◆ **GOAL OF THE EXERCISE**:
Copy out only the lines running from the one that contains "Ouderen die zich" through the end of the listing. Pictures stay out.

◆ **INFORMATION SUPPLIED**:
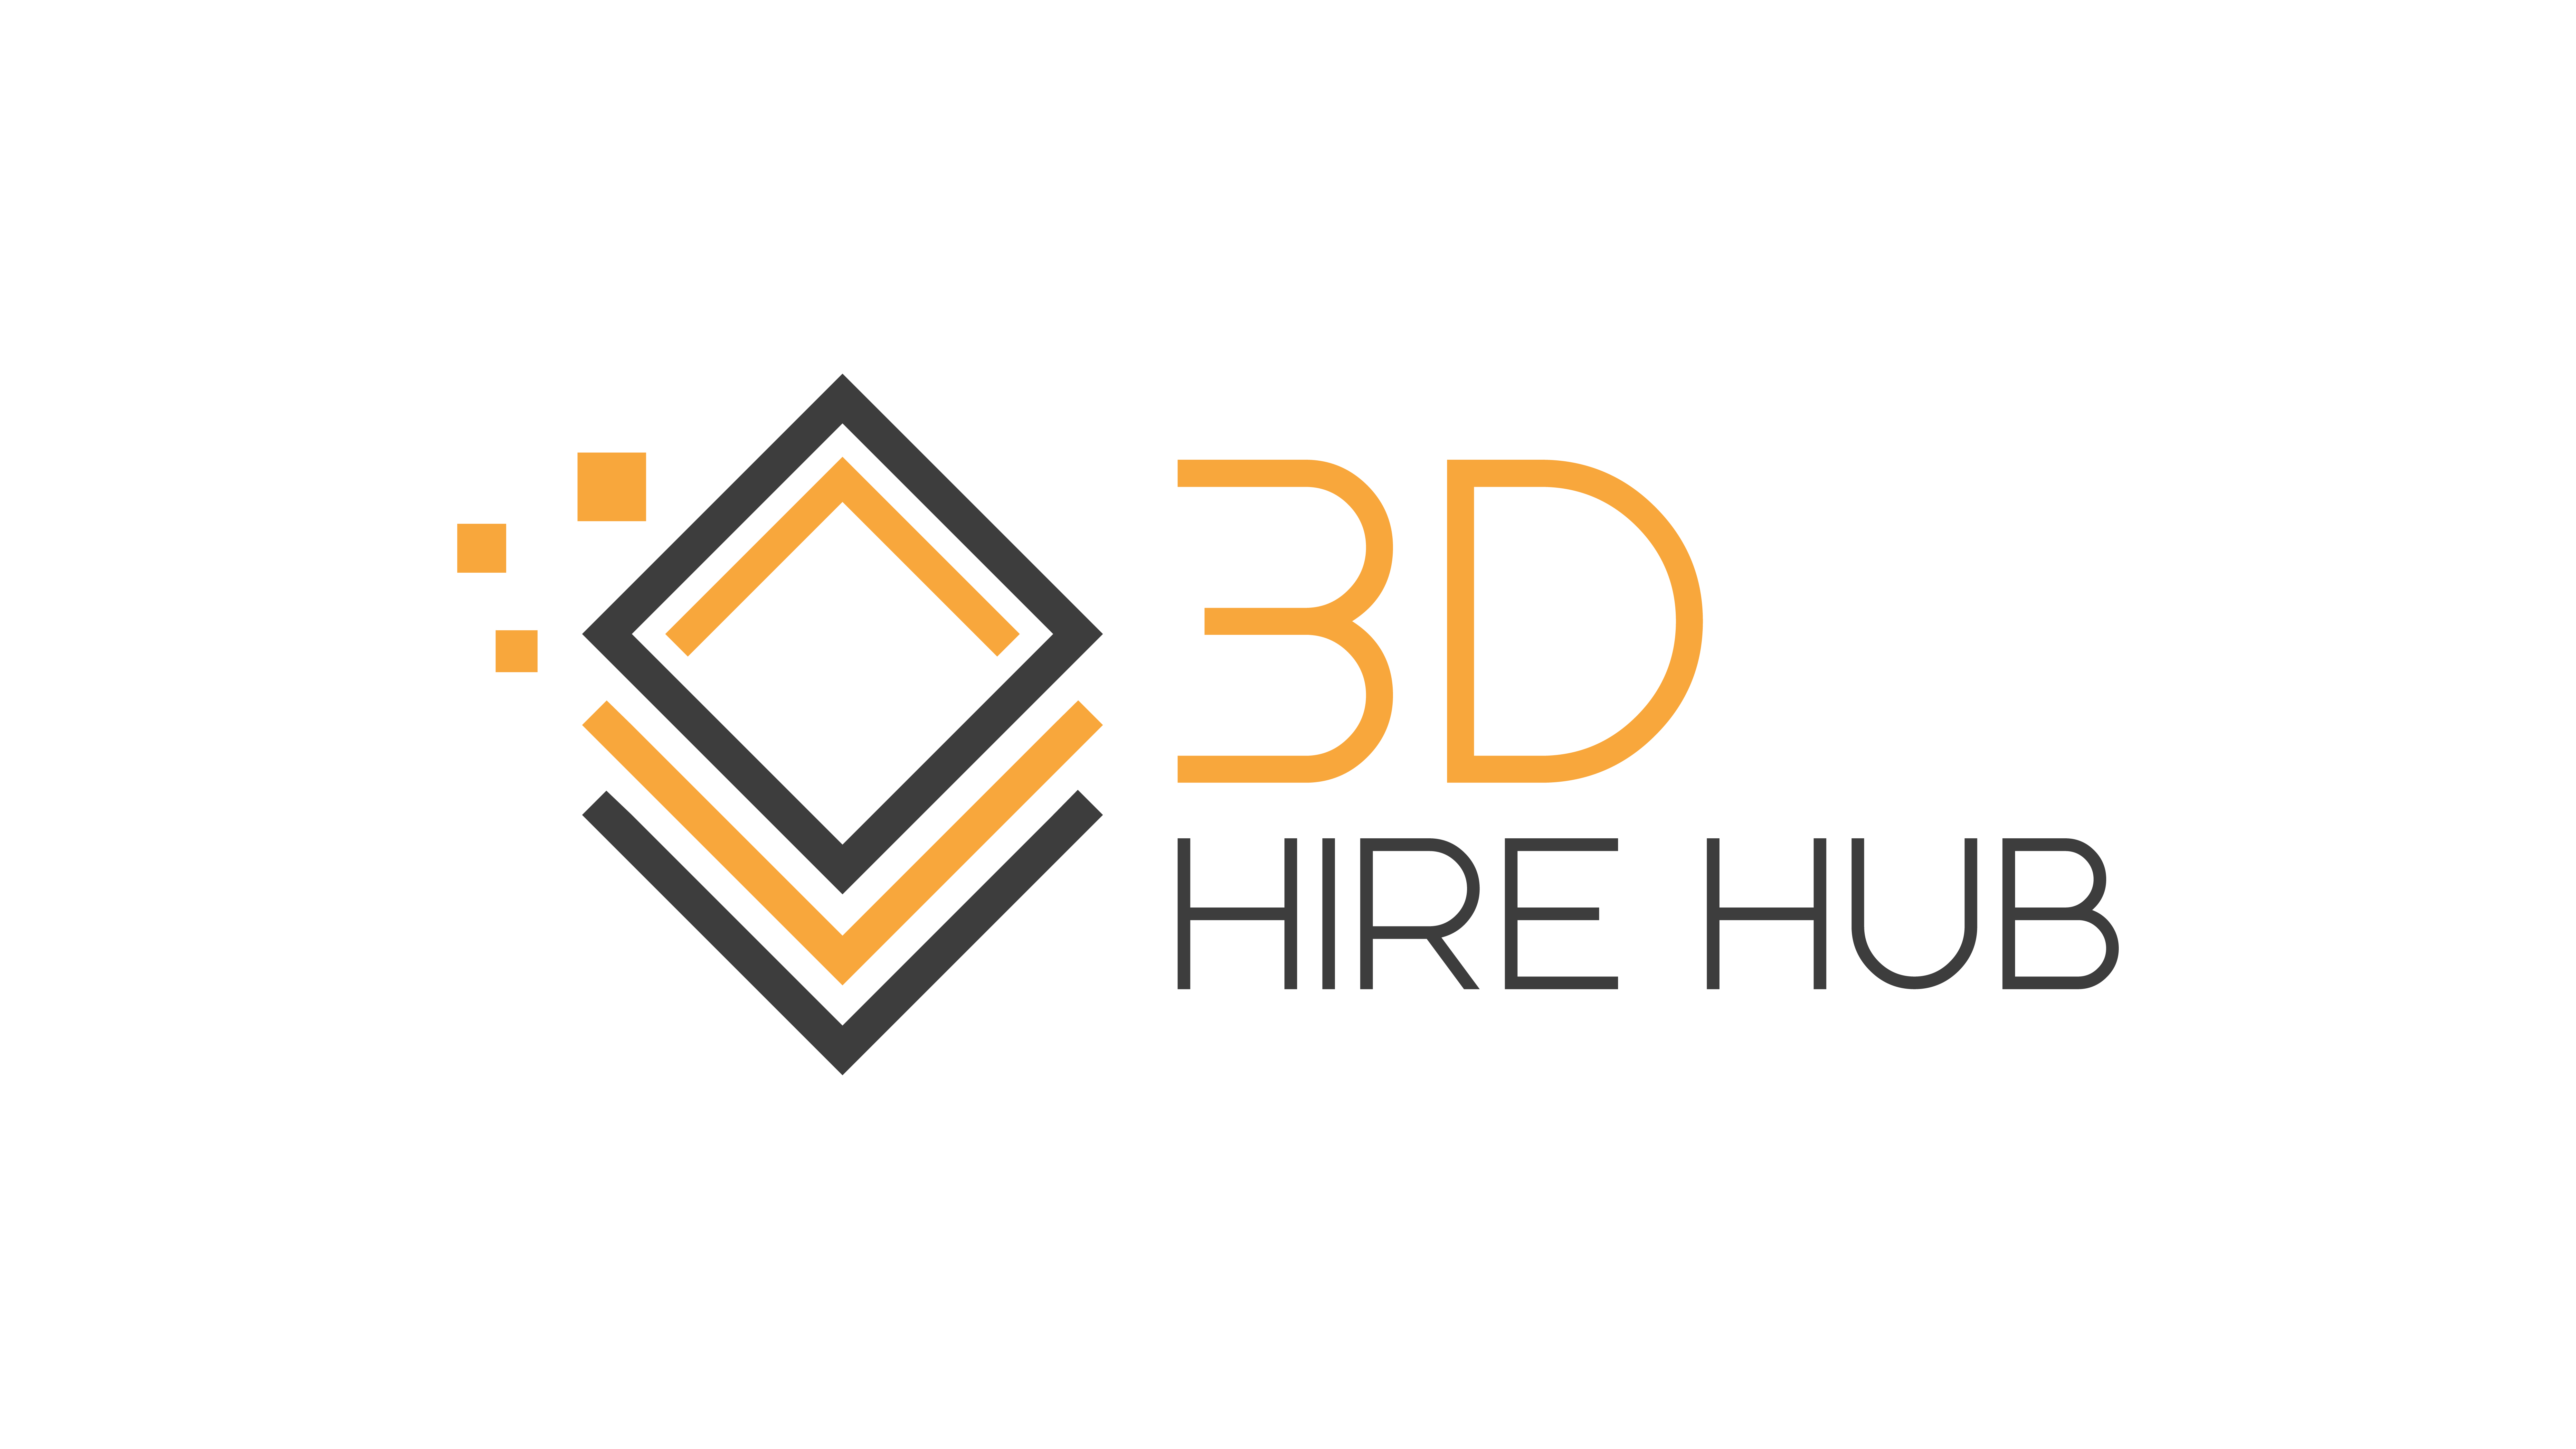 3D Hire Hub
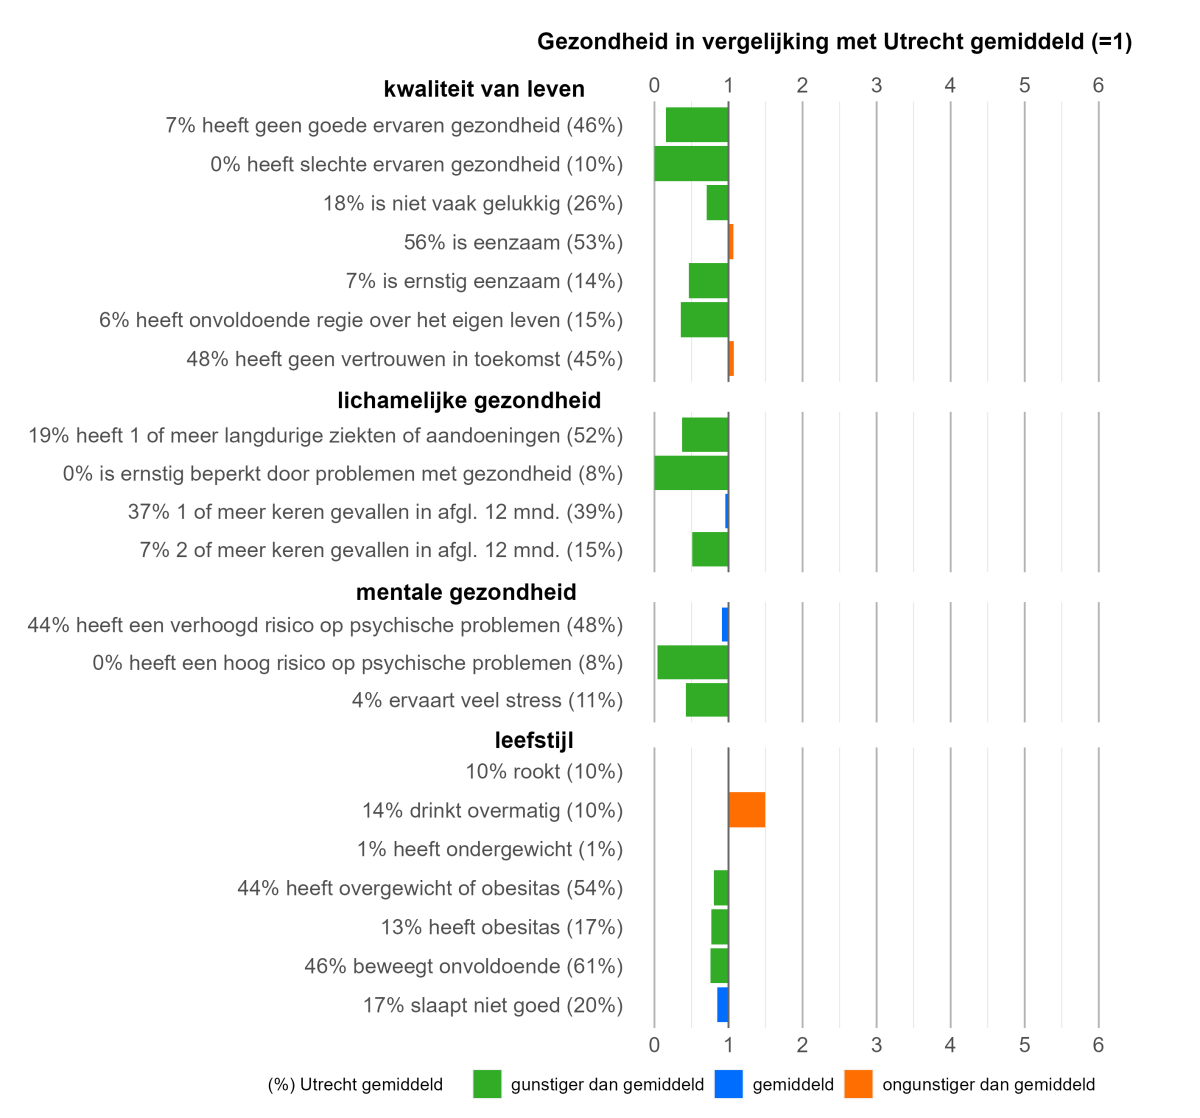 Ouderen die zich goed gezond voelen scoren op veel aspecten van gezondheid gunstiger of vergelijkbaar met gemiddeld in Utrecht. 
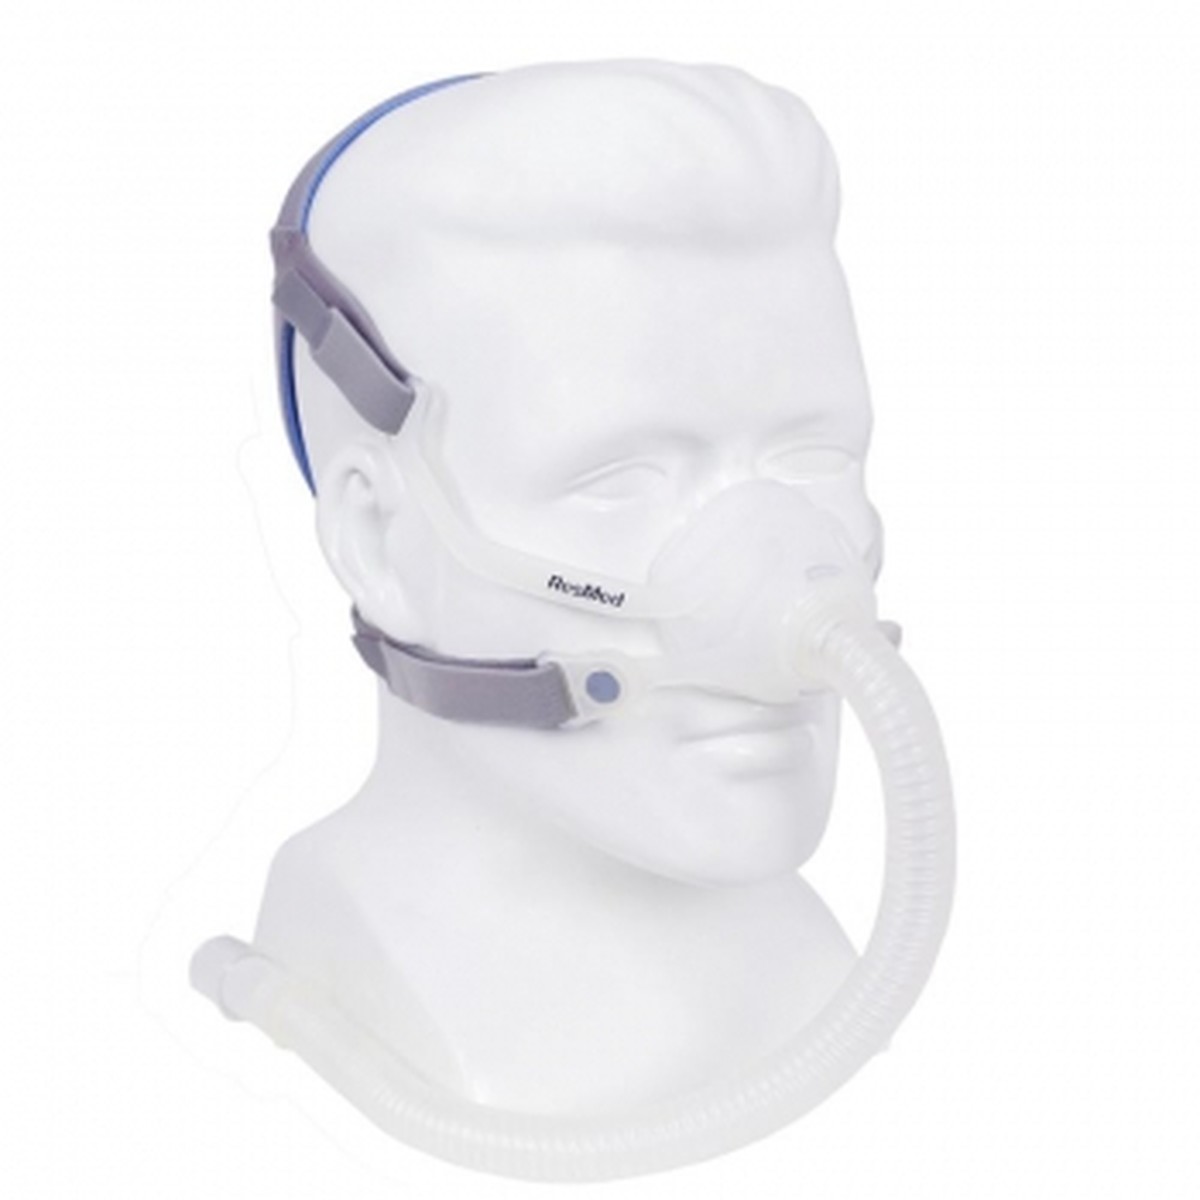 Foto do produto Máscara nasal AirFit N10 ref. 63202/63200

◆ **ANSWER BOX**:
 Ouderen die zich goed gezond voelen scoren op veel aspecten van gezondheid gunstiger of vergelijkbaar met gemiddeld in Utrecht. 
 Foto do produto Máscara nasal AirFit N10 ref. 63202/63200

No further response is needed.